3.1 Pipeline 1: Region-Based Segmentation of the Spine

We have evaluated our first pipeline, discussed in Section 2.3.1, on Databases 1, 2, and 4.

3.1.1 Database 1

On Database 1, the application of our region-based flow segmentation method on the edge-enhanced flux-maps yielded an average Dice score of 92.36 $\pm$ 1.34 $%$ . This is comparable to the results of Chu et al. (2015) and Ibragimov et al. (2014), but is not as good as those of Lessmann et al. (2019). The average symmetric surface distance is at 1.14 $\pm$ 0.29 mm, which is better than that of Rasoulian et al. (2013). The average surface distance is 0.99 $\pm$ 0.88 mm, which is comparable to that of the two other techniques, indicating that there is very little bias in the extracted surface position. This is very close to the 2 mm clinical accuracy threshold reported in Cleary (2000). The 95th percentile Hausdorff distance is at 2.90 $\pm$ 1.38 mm, indicating that 95% of the surface extracted is within 2.90 mm of the gold standard surface. Table 1 summarizes the results of using different metrics for this database. Figure 6 shows box plots for the four different metrics used for evaluation across all the subjects in each database.

TABLE 1

TABLE 1. Spine segmentation results reported for Database 1.

FIGURE 6

FIGURE 6. Box-plots for the four different metrics used for evaluation across all the subjects in each database. Columns show the plots for the four databases with rows depicting the four metrics.

3.1.2 Database 2

We have divided the vertebral region into two groups to report results: the lumbar and thoracic regions, for two reasons. First, this helps with CPU and memory constraints, since the image volume is large. Second, thoracic and lumbar vertebrae have different shapes and varying surrounding properties such as tissue contrast and intensity distributions. Thus, separating the different vertebral regions can help in assessing the quality of the segmentations. Table 2 shows the segmentation results for the thoracic and lumbar regions, and reports the metrics averaged over the entire thoracic and lumbar regions for the CSI database. We report an average Dice score of 94.97 $\pm$ 2.22 $%$ , which is comparable to the results of Lessmann et al. (2019) and is better than the methods of (Hammernik et al., 2015) and (Korez et al., 2015b), with the average symmetric surface distance at 0.41 $\pm$ 0.17 mm.
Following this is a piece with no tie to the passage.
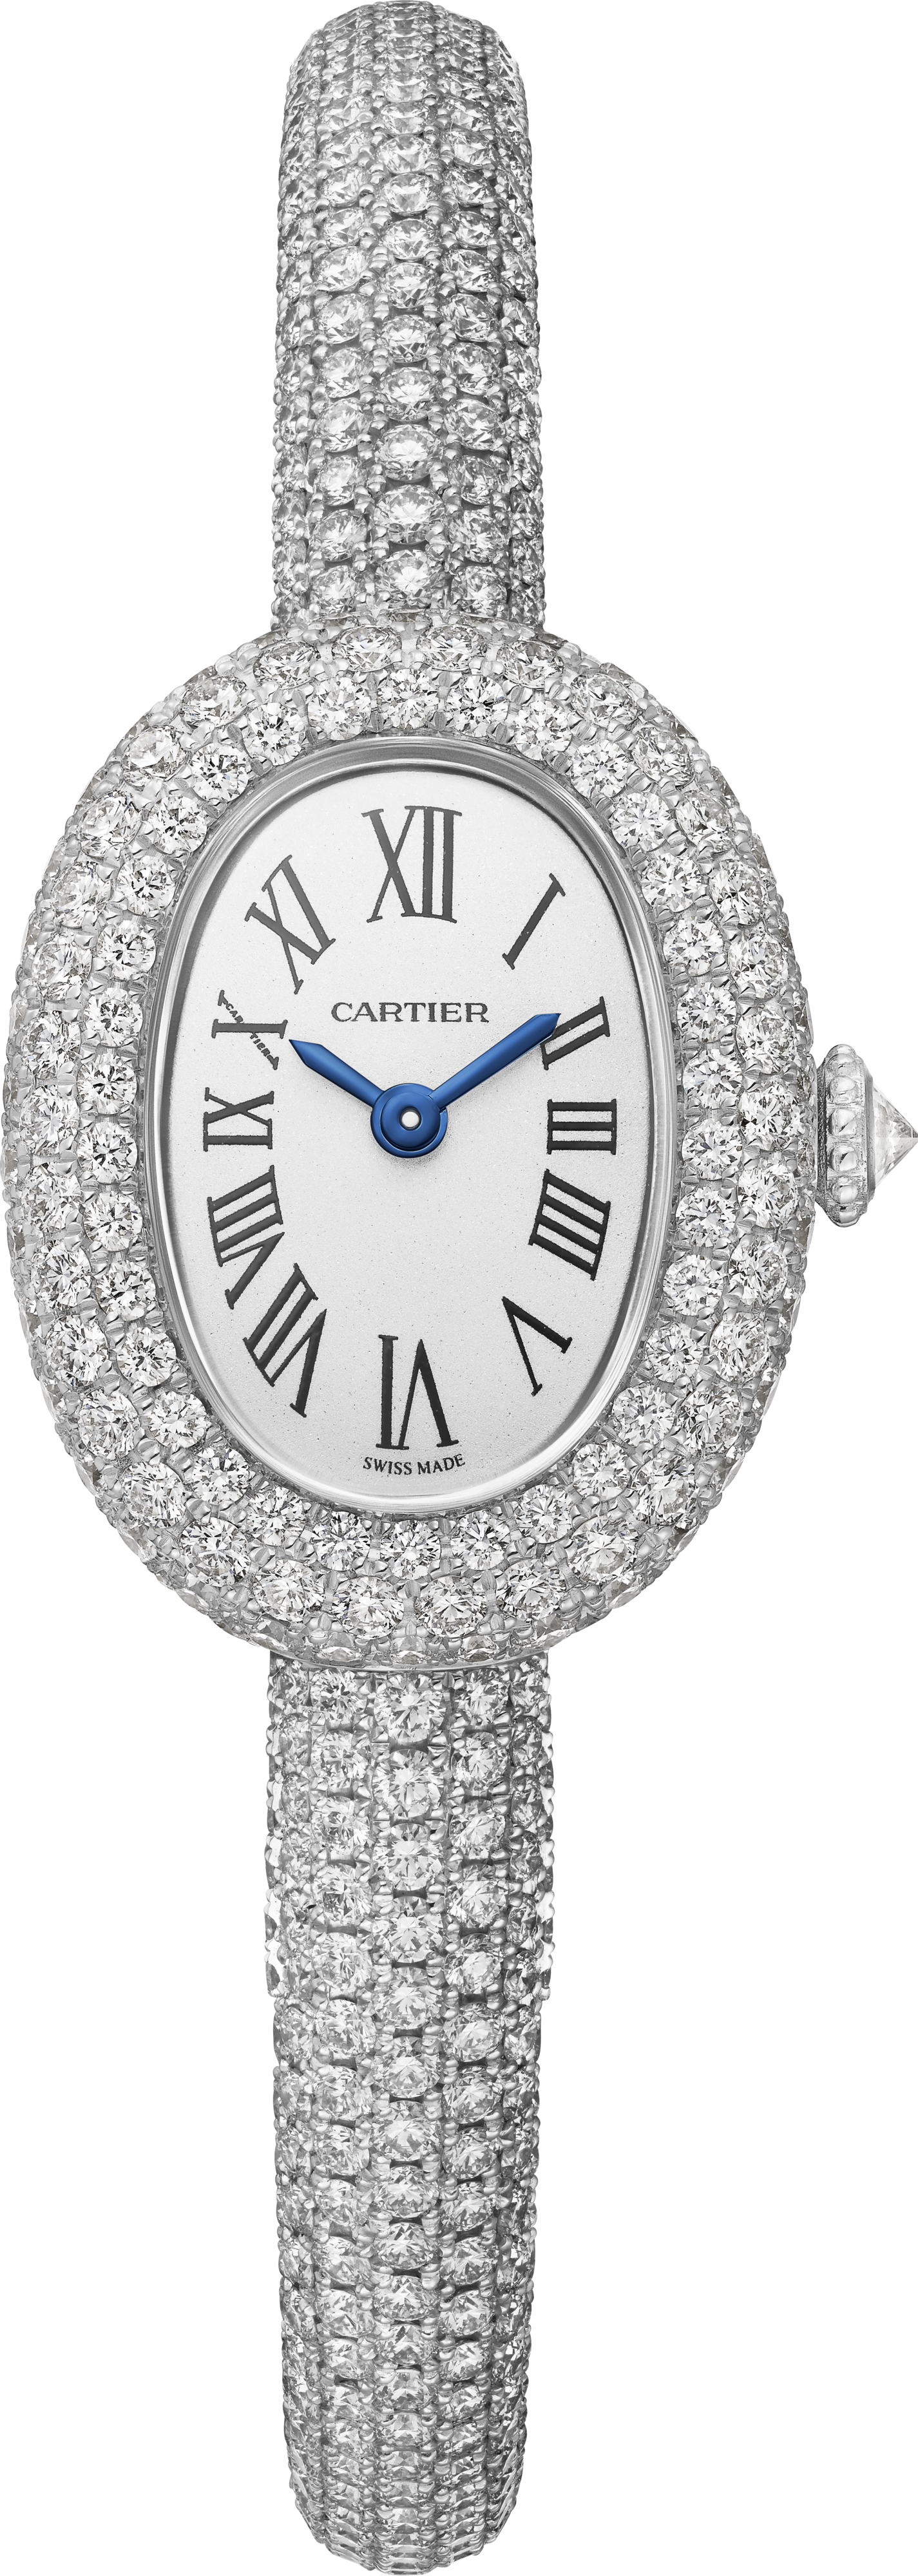 Baignoire watch (Size 16)Mini model, quartz movement, white gold, diamonds
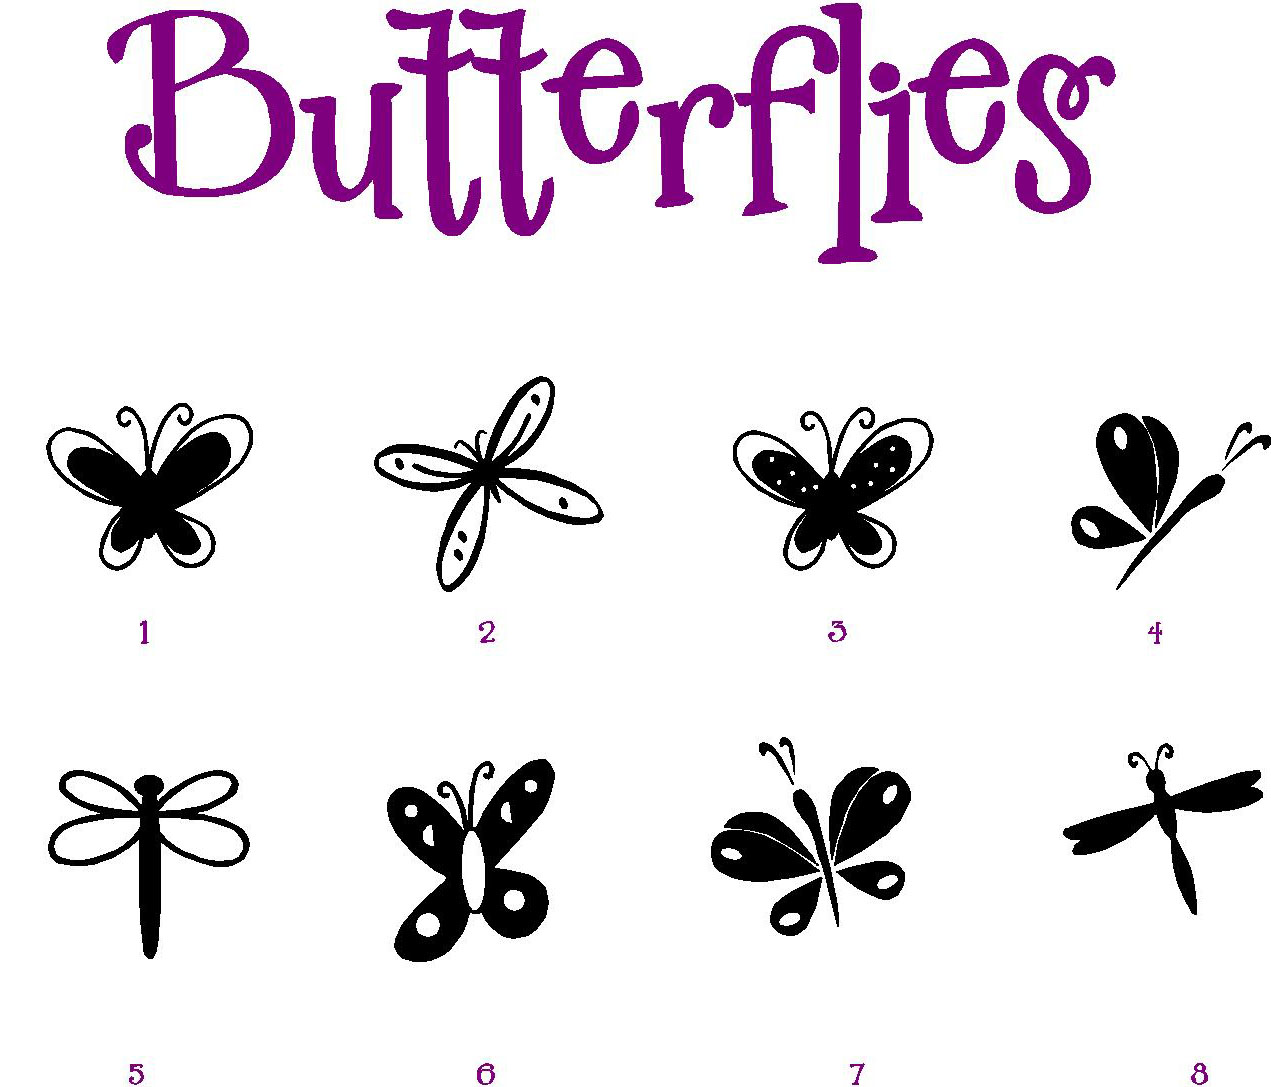 [buterflies.jpg]

The 95th percentile Hausdorff distance is 2.15 $\pm$ 1.20 mm, while the average surface distance is 0.35 $\pm$ 0.20 mm.

TABLE 2

TABLE 2. Spine segmentation results reported for Database 2: CSI database.

3.1.3 Database 4

We evaluate our method on 43 subjects from the VerSe database (see Section 2.1.4). We report a mean Dice score of 84.90 $\pm$ 7.53 $%$ , ASSD: 1.39 $\pm$ 0.65 mm, ASD: 1.37 $\pm$ 0.64 mm, and HD95: 5.64 $\pm$ 2.38 mm. We refer the reader to the Challenge paper by Sekuboyina et al. (2020) for the tabulated results (Table 3) from the eleven participating groups. The best performing methods have a mean Dice score performance on the public dataset of: Payer C. (90.90 $%$ ), Chen M. (93.01 $%$ ), Lessmann N. (85.08 $%$ ), Hu Y. (84.07 $%$ ), Sekuboyina A. (83.06 $%$ ), Jiang T. (82.70 $%$ ), Dong Y. (76.74 $%$ ), Wang X. (71.88 $%$ ), Amiranashvili T. (67.02 $%$ ), and Brown K. (62.69 $%$ ). We note that our results are not directly comparable to those of the methods proposed by the participating teams. Those teams evaluated their methods on the full test set, which included challenging cases, whereas in our evaluation we excluded the low dose cases using our SNR selection criterion. At the same time, for our method the results are reported on a combination of images from the training, validation and test sets, since our method does not have a training phase. For the participating teams the reported results are on images from the test set only.

TABLE 3

TABLE 3. Spine segmentation results reported for Database 3.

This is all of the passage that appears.